Machine Learning/Learning Center/Probabilistic Graphical Models/Topic Models

Topic Models (LDA)

Master generative directed graph models for text analysis. Learn Latent Dirichlet Allocation (LDA), bag-of-words representation, Dirichlet distributions, and topic inference for document clustering.

Module 7 of 7

Intermediate to Advanced

120-150 min

Core Definition

Topic Models are generative directed graph models for discrete data (primarily text). Latent Dirichlet Allocation (LDA) is the most popular topic model, which assumes documents are mixtures of topics, and topics are distributions over words.

Key Concepts

• Bag-of-words: Document represented as unordered word counts (ignores word order)
• Topics: Latent (hidden) themes that generate words in documents
• Word distributions: Each topic has a probability distribution over vocabulary words
• Document-topic distribution: Each document has a probability distribution over topics

Advantages

• Unsupervised learning
• Interpretable topics
• Handles large corpora
• No labeled data needed

Limitations

• Ignores word order
• Number of topics must be specified
• May find spurious topics
• Computationally intensive

LDA Model Structure

LDA is a generative model that describes how documents are generated from topics and words:

Variables

• $D$ = collection of documents
• $d$ = a single document
• $w_{d,n}$ = n-th word in document d
• $z_{d,n}$ = topic assignment for word $w_{d,n}$ (hidden)
• $\theta_d$ = document-topic distribution for document d
• $\phi_k$ = topic-word distribution for topic k

Parameters

• $\alpha$ = Dirichlet parameter for document-topic distributions (K-dimensional vector)
• $\eta$ = Dirichlet parameter for topic-word distributions (V-dimensional vector, V = vocabulary size)
• $K$ = number of topics (user-specified hyperparameter)

Core Probability Formulas

Document-Topic Distribution

Each document has a distribution over topics, drawn from a Dirichlet distribution:

\theta_d \sim \text{Dirichlet}(\alpha)

$\theta_d$ is a K-dimensional probability vector: $\theta_d = (\theta_{d,1}, \ldots, \theta_{d,K})$ , where $\theta_{d,k}$ is the probability of topic k in document d.

Topic-Word Distribution

Each topic has a distribution over words, drawn from a Dirichlet distribution:

\phi_k \sim \text{Dirichlet}(\eta)

$\phi_k$ is a V-dimensional probability vector: $\phi_k = (\phi_{k,1}, \ldots, \phi_{k,V})$ , where $\phi_{k,v}$ is the probability of word v in topic k.

Word Generation Process

For each word $w_{d,n}$ in document d:

1. Sample topic: $z_{d,n} \sim \text{Multinomial}(\theta_d)$
2. Sample word: $w_{d,n} \sim \text{Multinomial}(\phi_{z_{d,n}})$

The word is generated by first choosing a topic from the document's topic distribution, then choosing a word from that topic's word distribution.

Dirichlet Distribution

The Dirichlet distribution is a probability distribution over probability vectors (vectors that sum to 1). It's the conjugate prior for the multinomial distribution, making it ideal for LDA.

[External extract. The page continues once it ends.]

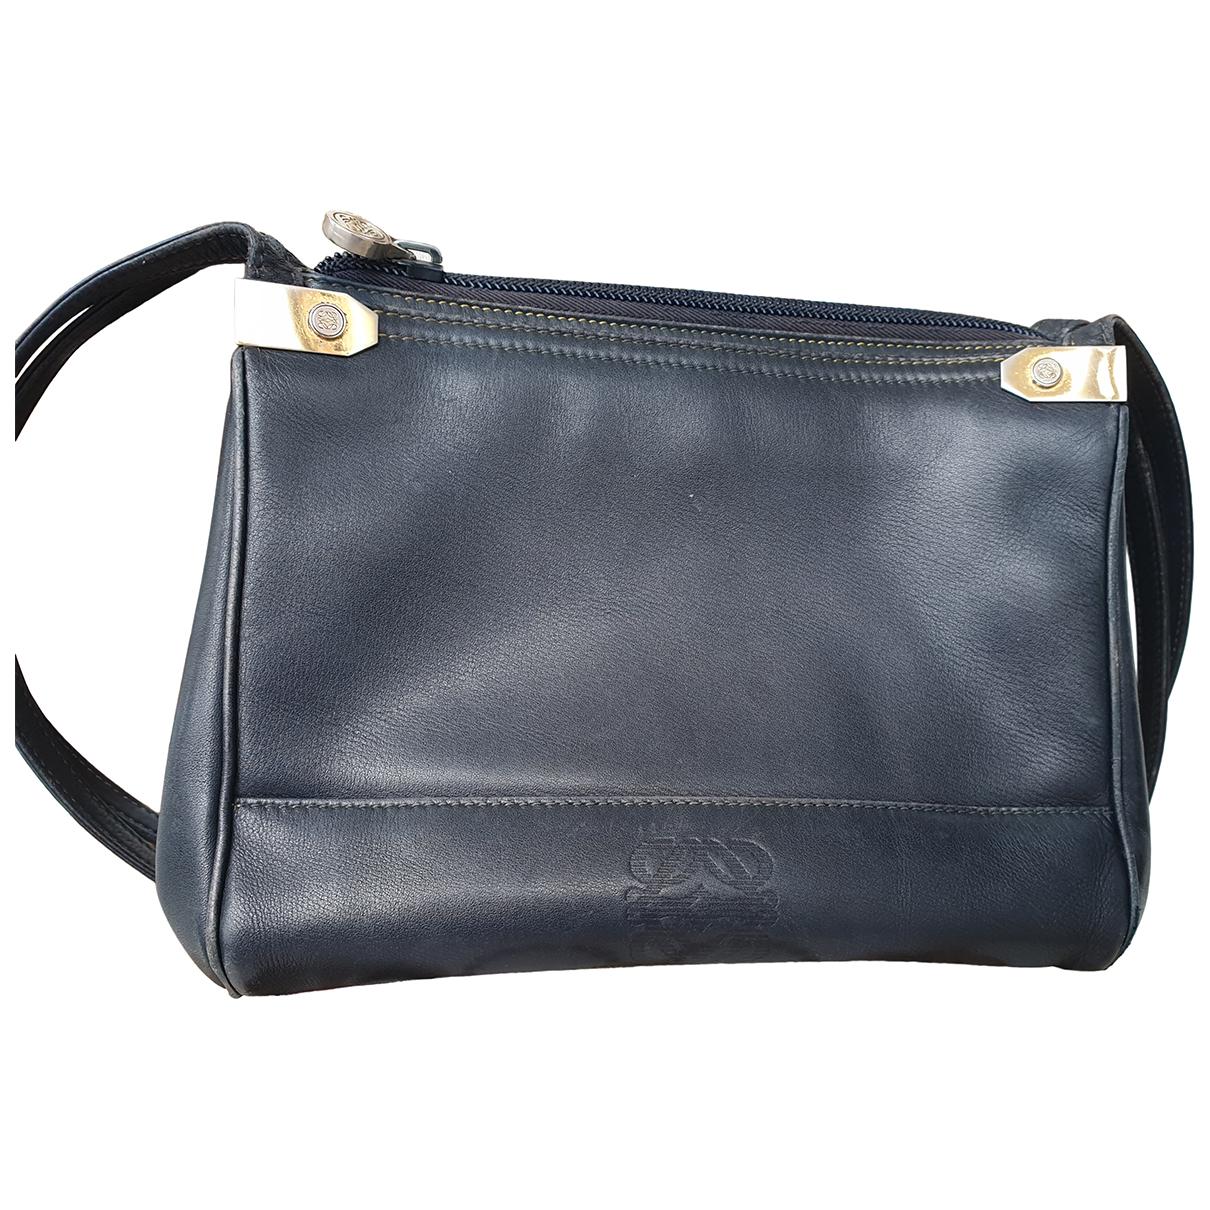 Loewe N Blue Leather handbag for Women N
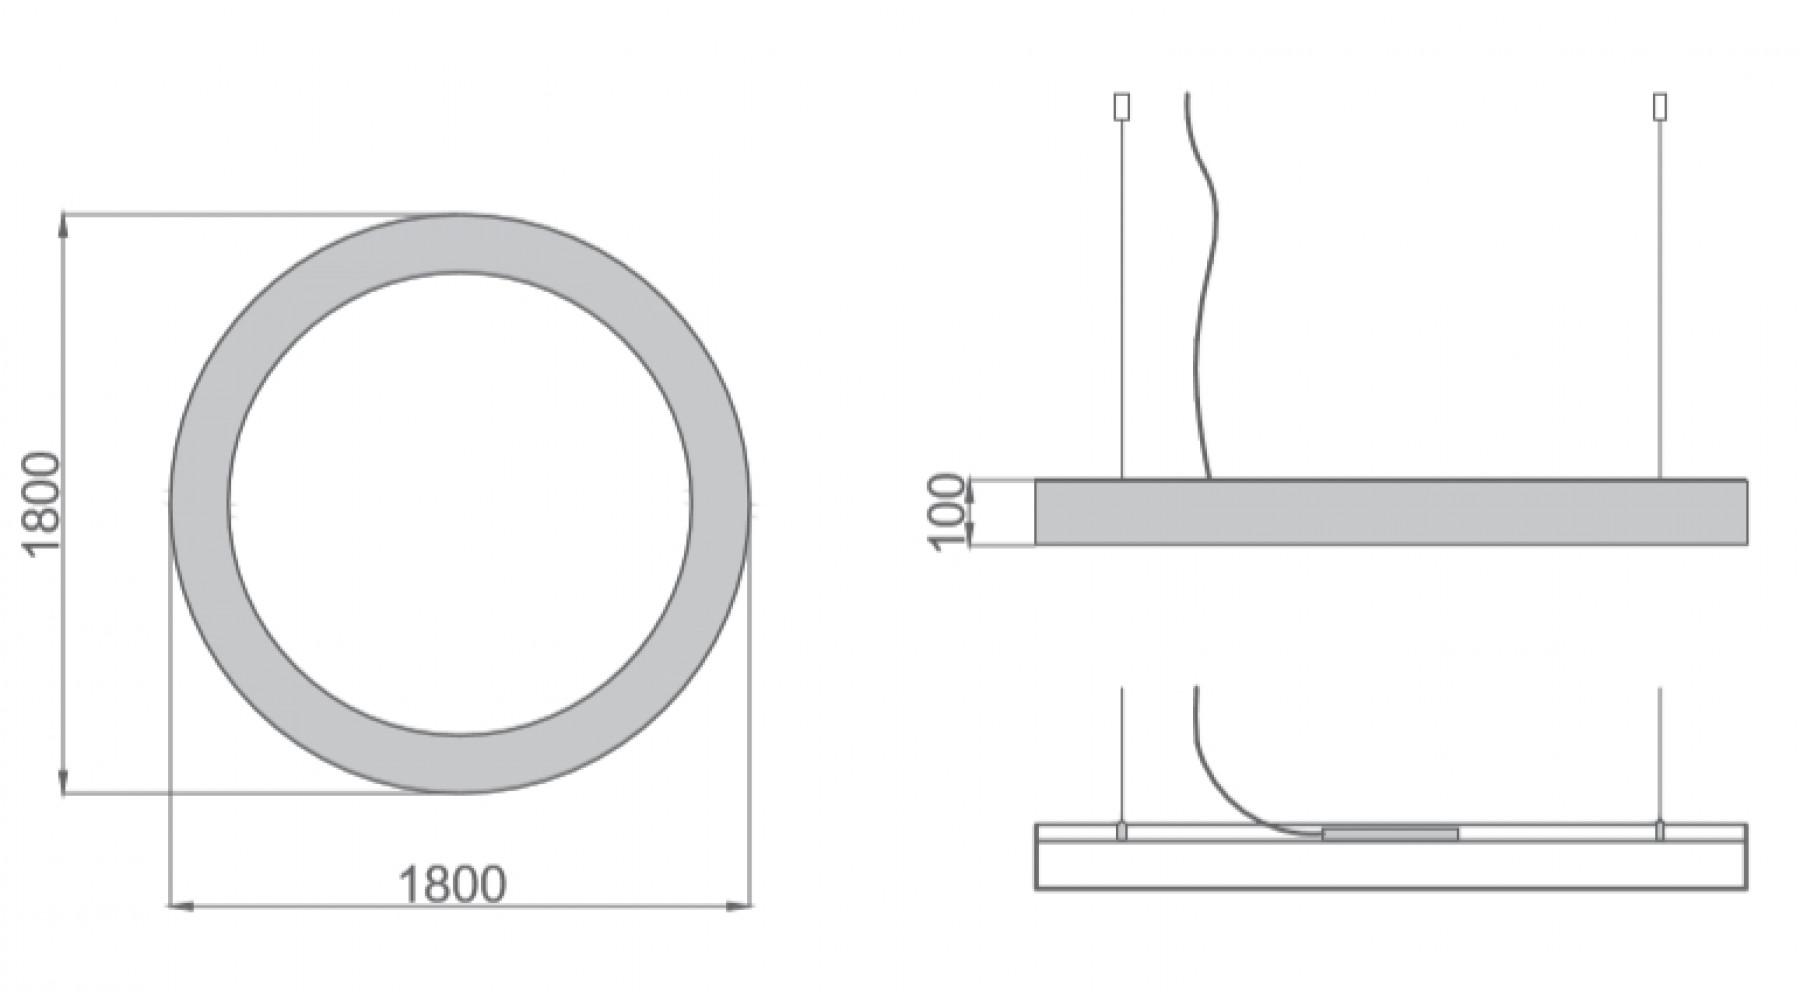 Кольцевой светодиодный светильник SUNRing - d1800х100мм S=80мм, 136Вт, 12370Лм, IP20

Probability Density Function

P(\theta | \alpha) = \frac{\Gamma(\sum_{i=1}^K \alpha_i)}{\prod_{i=1}^K \Gamma(\alpha_i)} \prod_{i=1}^K \theta_i^{\alpha_i - 1}

Where $\Gamma$ is the gamma function, $\alpha = (\alpha_1, \ldots, \alpha_K)$ is the concentration parameter, and $\theta = (\theta_1, \ldots, \theta_K)$ is a probability vector.

Properties:

• $\alpha_i$ controls concentration: larger values = more uniform distribution
• $\alpha_i < 1$ encourages sparse distributions (few topics/words have high probability)
• $\alpha_i > 1$ encourages uniform distributions

Parameter Learning

Given a collection of documents, learn the topic-word distributions $\phi_k$ and document-topic distributions $\theta_d$ . The topic assignments $z_{d,n}$ are hidden variables.

Collapsed Gibbs Sampling

Most common method for LDA parameter learning. Iteratively samples topic assignments $z_{d,n}$ for each word, then estimates $\phi_k$ and $\theta_d$ from the samples.

Sampling Formula:

P(z_{d,n} = k | z_{-(d,n)}, w, \alpha, \eta) \propto \frac{n_{d,k}^{-dn} + \alpha_k}{\sum_{k'} (n_{d,k'}^{-dn} + \alpha_{k'})} \cdot \frac{n_{k,v}^{-dn} + \eta_v}{\sum_{v'} (n_{k,v'}^{-dn} + \eta_{v'})}

Where $n_{d,k}^{-dn}$ = count of topic k in document d (excluding current word), $n_{k,v}^{-dn}$ = count of word v in topic k (excluding current word).

Variational Inference

Alternative method using variational inference to approximate the posterior distribution. Faster but may have approximation error.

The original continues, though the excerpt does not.